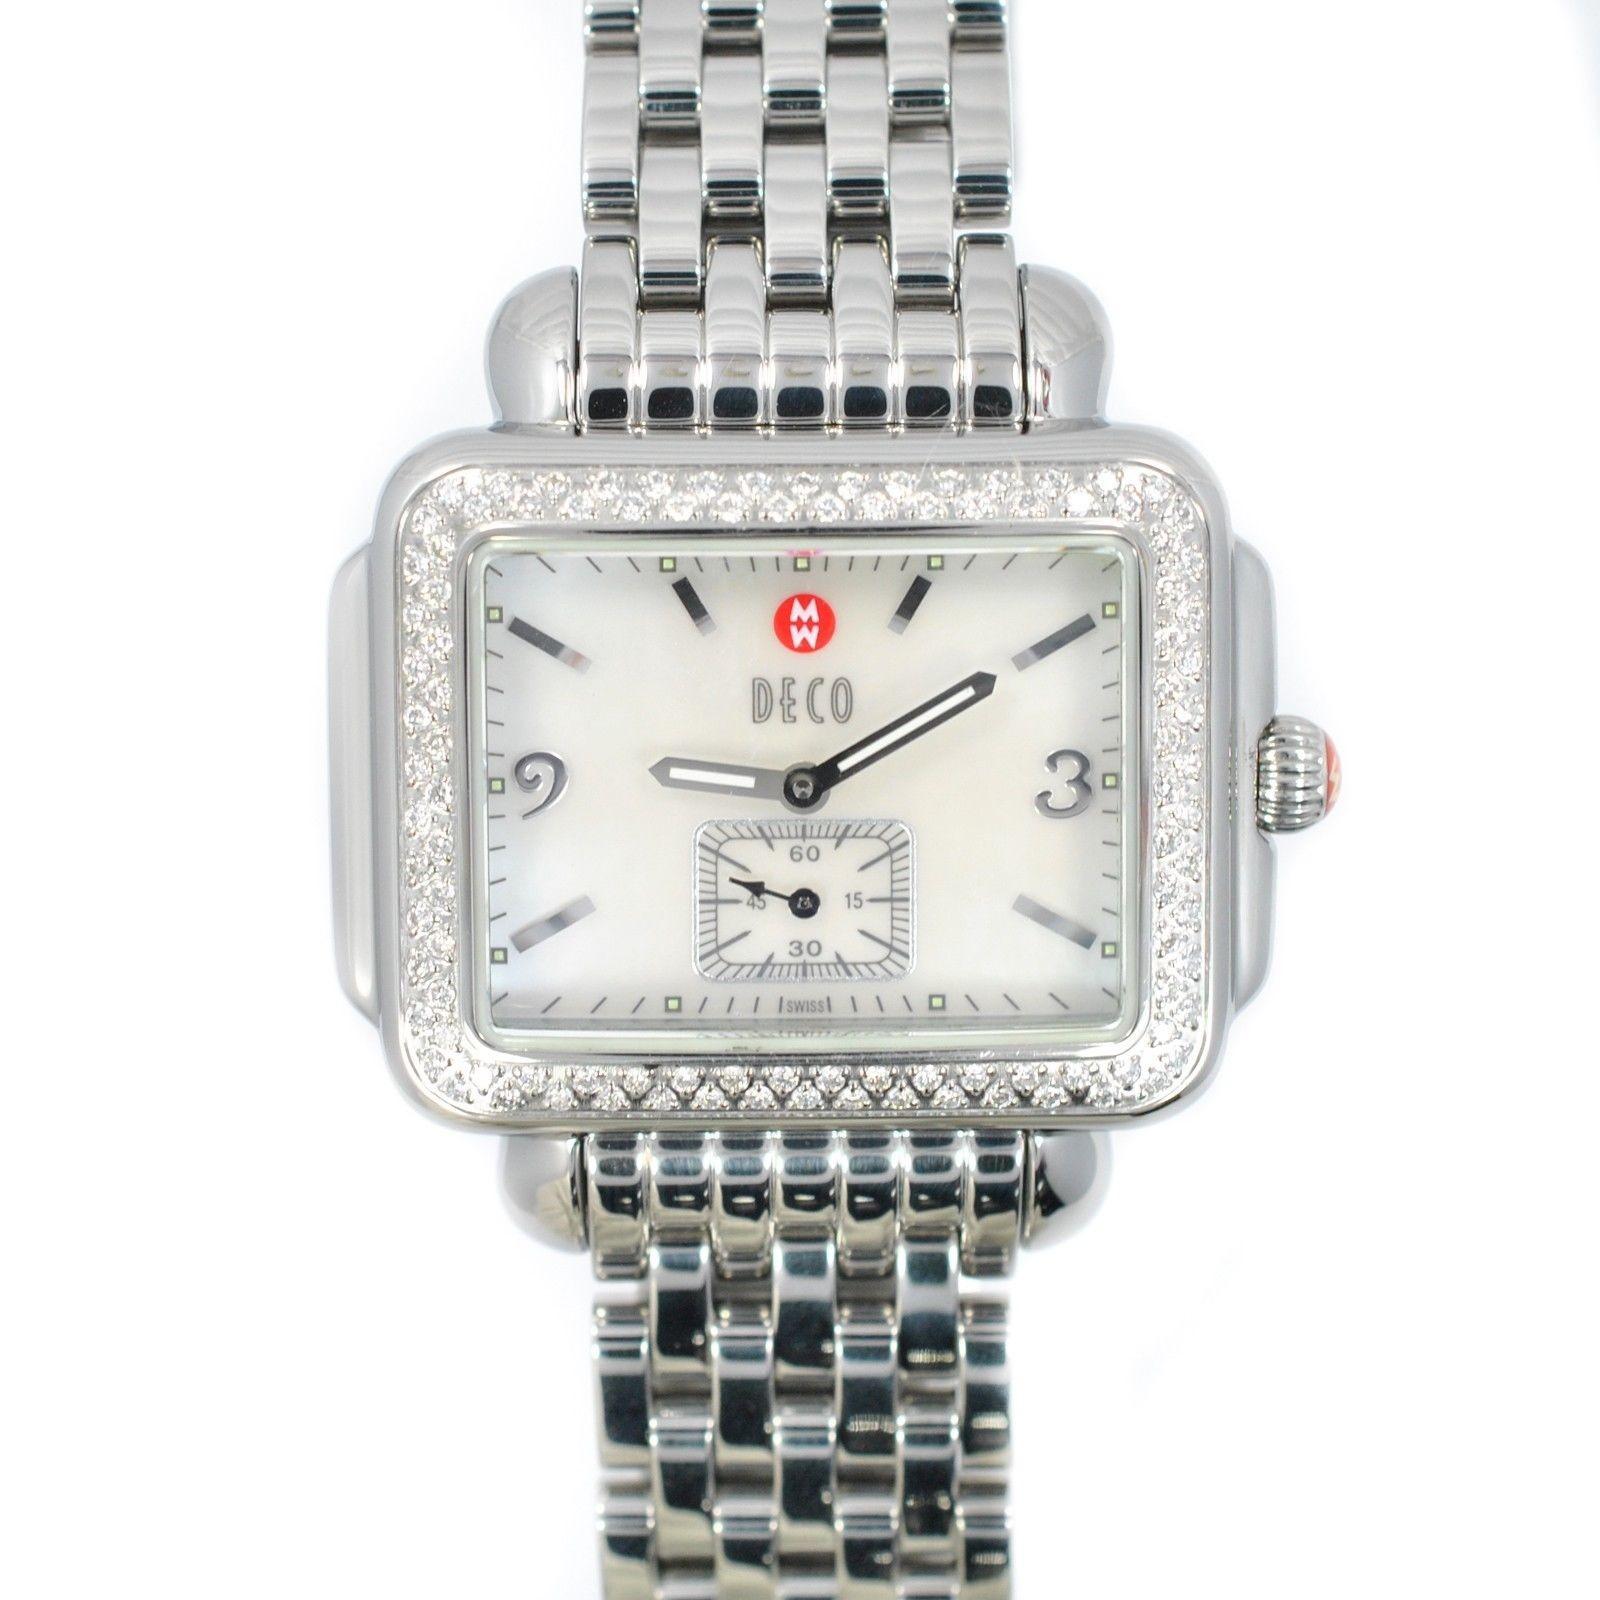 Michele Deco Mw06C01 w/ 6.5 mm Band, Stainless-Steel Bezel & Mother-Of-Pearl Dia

◇ ◇ ◇ ◇ ◇

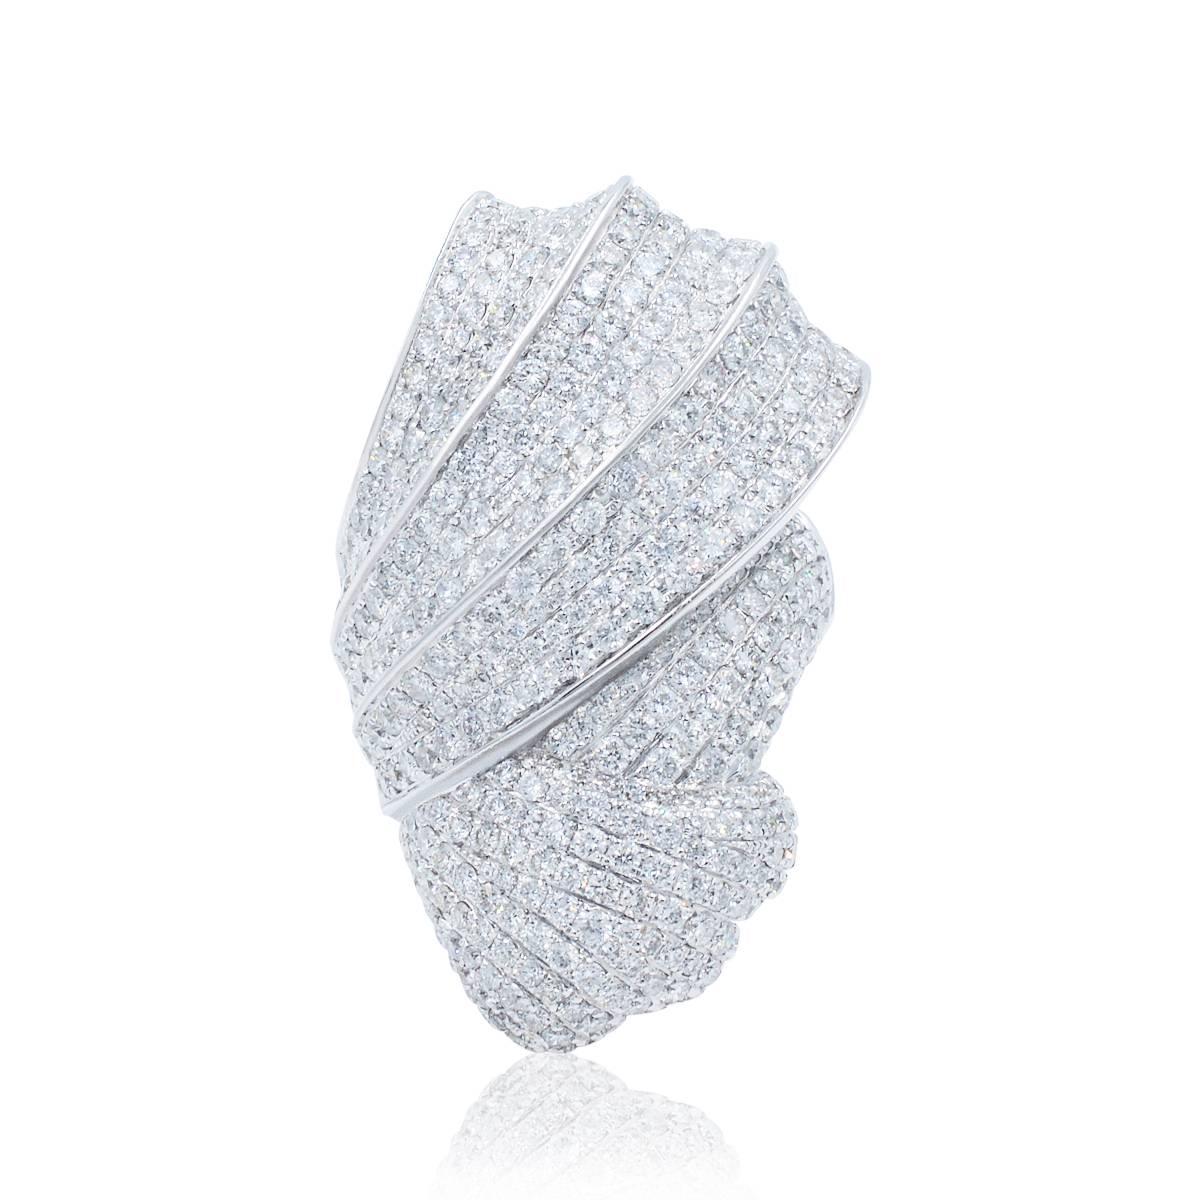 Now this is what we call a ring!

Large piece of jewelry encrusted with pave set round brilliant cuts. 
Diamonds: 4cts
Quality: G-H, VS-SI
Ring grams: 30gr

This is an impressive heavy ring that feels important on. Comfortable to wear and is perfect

◇ ◇ ◇ ◇ ◇

### Work required:
Using the data above, print only the lines starting at the one with "Now this is what we call a ring!" and ending at the one with "This is an impressive", exactly as they stand, minus the pictures.

### Answer to this task:
 Now this is what we call a ring!

Large piece of jewelry encrusted with pave set round brilliant cuts. 
Diamonds: 4cts
Quality: G-H, VS-SI
Ring grams: 30gr

This is an impressive heavy ring that feels important on. Comfortable to wear and is perfect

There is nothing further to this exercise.